Литмир - Электронная Библиотека

— Ты становишься философом, — похвалил Дзигоро. — Мудрость, достойная не только четвероногого…

— Ну да, — кивнул Кулл, — а пока мы тут будем высиживать цыплят из вареных яиц, Хайрам откупорит бутылку…

В самом деле, что взять с четверки демонов и одного призрака? Кто бы знал, что на самом, то деле вся их сила только и есть в том, чтобы человек сам испугался да от страха и умер. Только вот шайка Хайрама единственно, чего боится, — мало поесть. А больше этого — только мало выпить. Валка их забери, боятся они его только по привычке да по большим праздникам…

Дзигоро исчез.

Кулл сел. Потом лег, положив тяжелую голову на лапы. Отсутствие призрака затягивалось.

Одно радовало — убить его не могли, поскольку премудрый приятель Кулла был уже мертв, а двум смертям, как известно, не бывать.

Внезапно окно под крышей, едва озаренное слабым светом почти прогоревшей светильни, стало совсем темным.

«Опоздали». — Мысль обожгла не хуже зеленого факела, но спустя всего один стук сердца Кулл понял: Дзигоро. Его работа…

Варвар даже не увидел, а почувствовал, как застыли в ожидании рядом с ним Керам и Малика, а за ними тревожно перебирал паучьими лапами Кошиф.

Разбойники не были пьяны, хотя напиться им, возможно, стоило. Проклятая бутылка не открывалась.

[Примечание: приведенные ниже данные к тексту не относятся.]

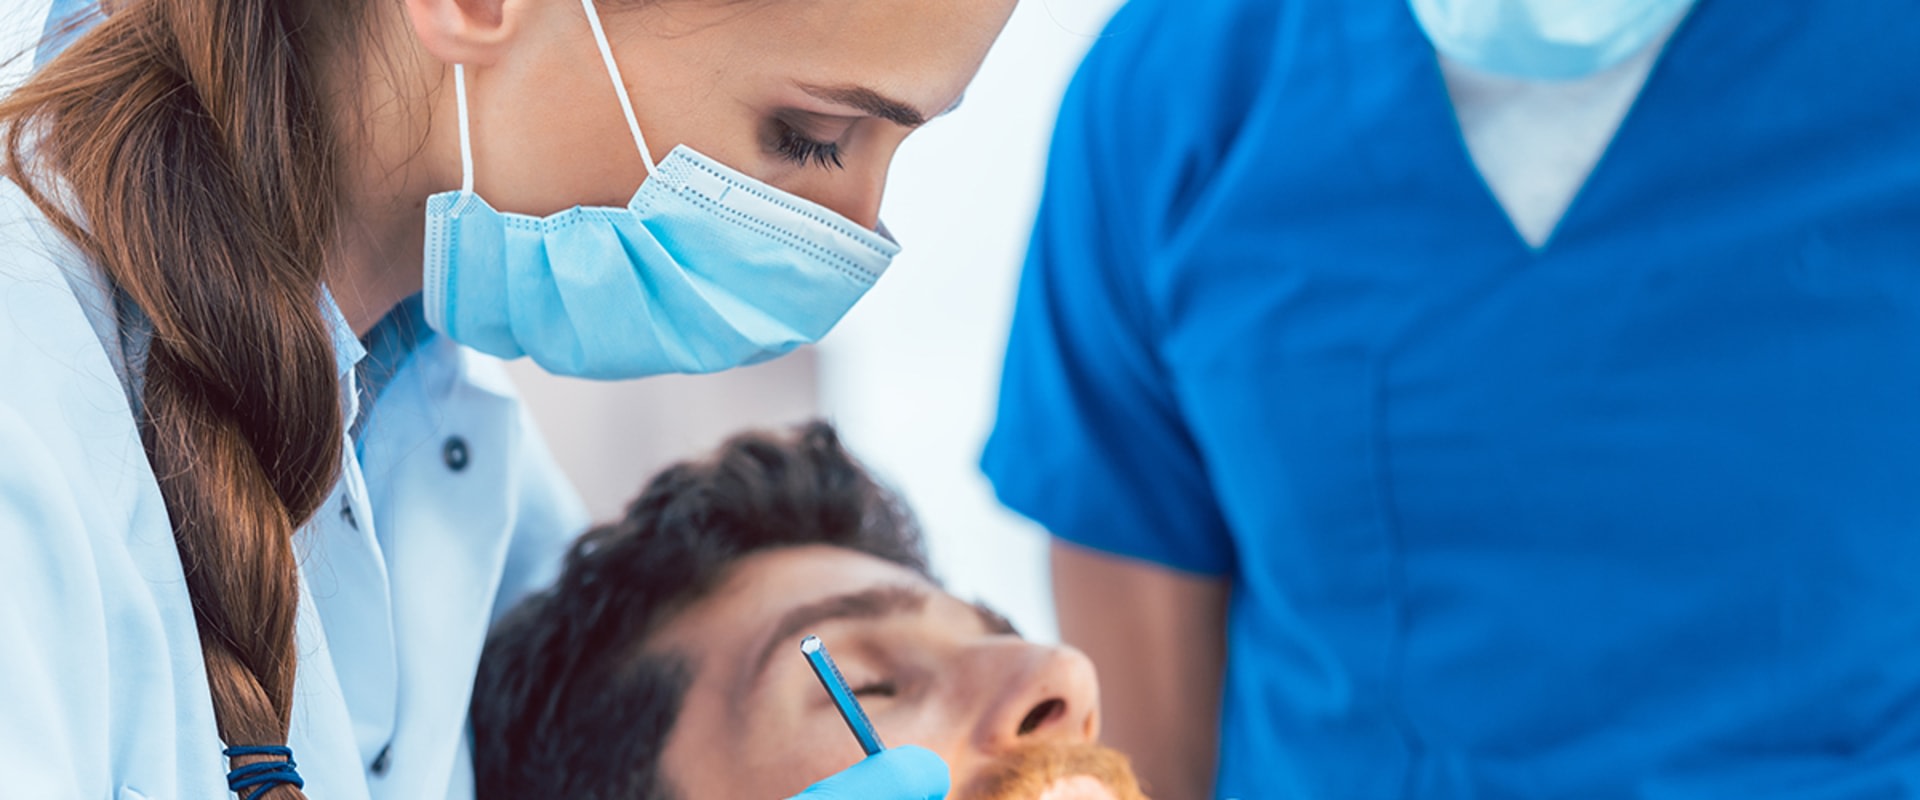 Navigating Dental Emergencies: General Dentistry In Rockville Comes To The Rescue

Хайрам-Лисица трижды нараспев прочел заклинание, где звучало подлинное, неизвестное людям имя Темного Бога, но результат оказался не совсем тот, которого ожидали. Вернее, вообще никакого результата не оказалось. Хайрам тупо смотрел на упрямый сосуд, отказываясь верить своим глазам.

— Может, ты… того… слова перепутал? — встрял Мердек, но Хайрам так зыркнул на него из-под нахмуренных бровей своим никак не лисьим, а почти волчьим, тяжелым взглядом, что тот счел за благо вообще замолчать.

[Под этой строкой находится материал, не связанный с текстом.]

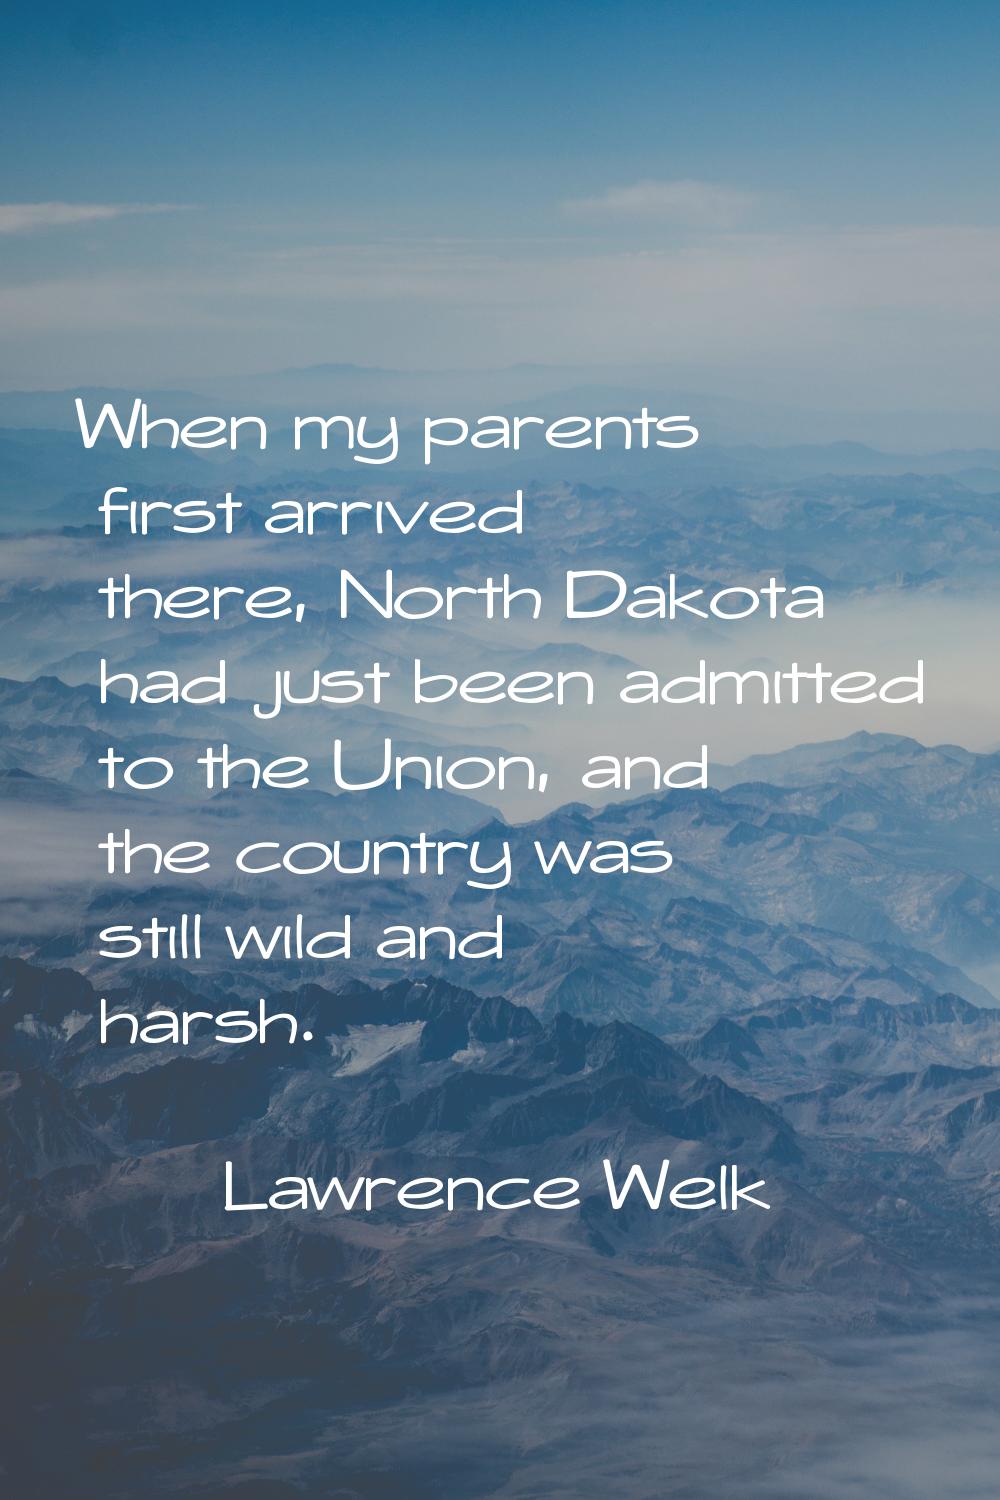 When my parents first arrived there, North Dakota had just been admitted to the Union, and the coun

Попытки открыть волшебный сосуд магией не увенчались успехом. Вконец утомившись и израсходовав весь запас молитв и проклятий, Хайрам-Лисица оставил злополучную драгоценность и приказал подать вина. Хуже всего было то, что ювелир сдержал слово и огранил семь превосходных алмазов, а расплатиться с ним было нечем. Хайрам крепко рассчитывал на добычу с мертвого города и не предусмотрел никаких запасных вариантов.

— Разбить, — предложил Мердек, — поглядывая на растерянного Хайрама не без злорадства.

После недолгого совещания решено было пройти в место, наиболее удаленное от основных комнат и лишних глаз прислуги. В мыльню. Рабов-банщиков отослали, и, помолясь, чтоб сработал перстень-противоядие, Хайрам ударил по бутылке тяжелой рукоятью кинжала. Проклятый сосуд только качнулся.

Сначала осторожно, робея перед заключенной в сосуде колдовской мощью, бутылку попробовали разбить все по очереди. Ни меч, ни сабля ее не брали. Огромный, как гора, богатырь Джудраш, изо всей своей немалой силушки хватил ее серебряным подносом, так что гул прошел по всему дому и закачались под потолком светильники, но проклятая бутыль даже не треснула.

— Слыхал я об оружейниках из неведомой страны, лежащей далеко на западе, за семью горными хребтами, — проговорил Рашудия, похоже, не слишком расстроенный неудачей. — Они так изготавливают свои мечи: берут шесть целых частей черного железа, добавляют к ним восемь неполных частей очищенного белого золота, варят все это на умеренном огне длительное время в глиняном кувшине без доступа воздуха. Такая смесь, быстро остывая и будучи закалена без отпуска, выкована и отточена, режет стекло, как алмаз, сечет железо и рубит камень, не тупясь и не лопаясь. Вот был бы у тебя, Хайрам, такой клинок…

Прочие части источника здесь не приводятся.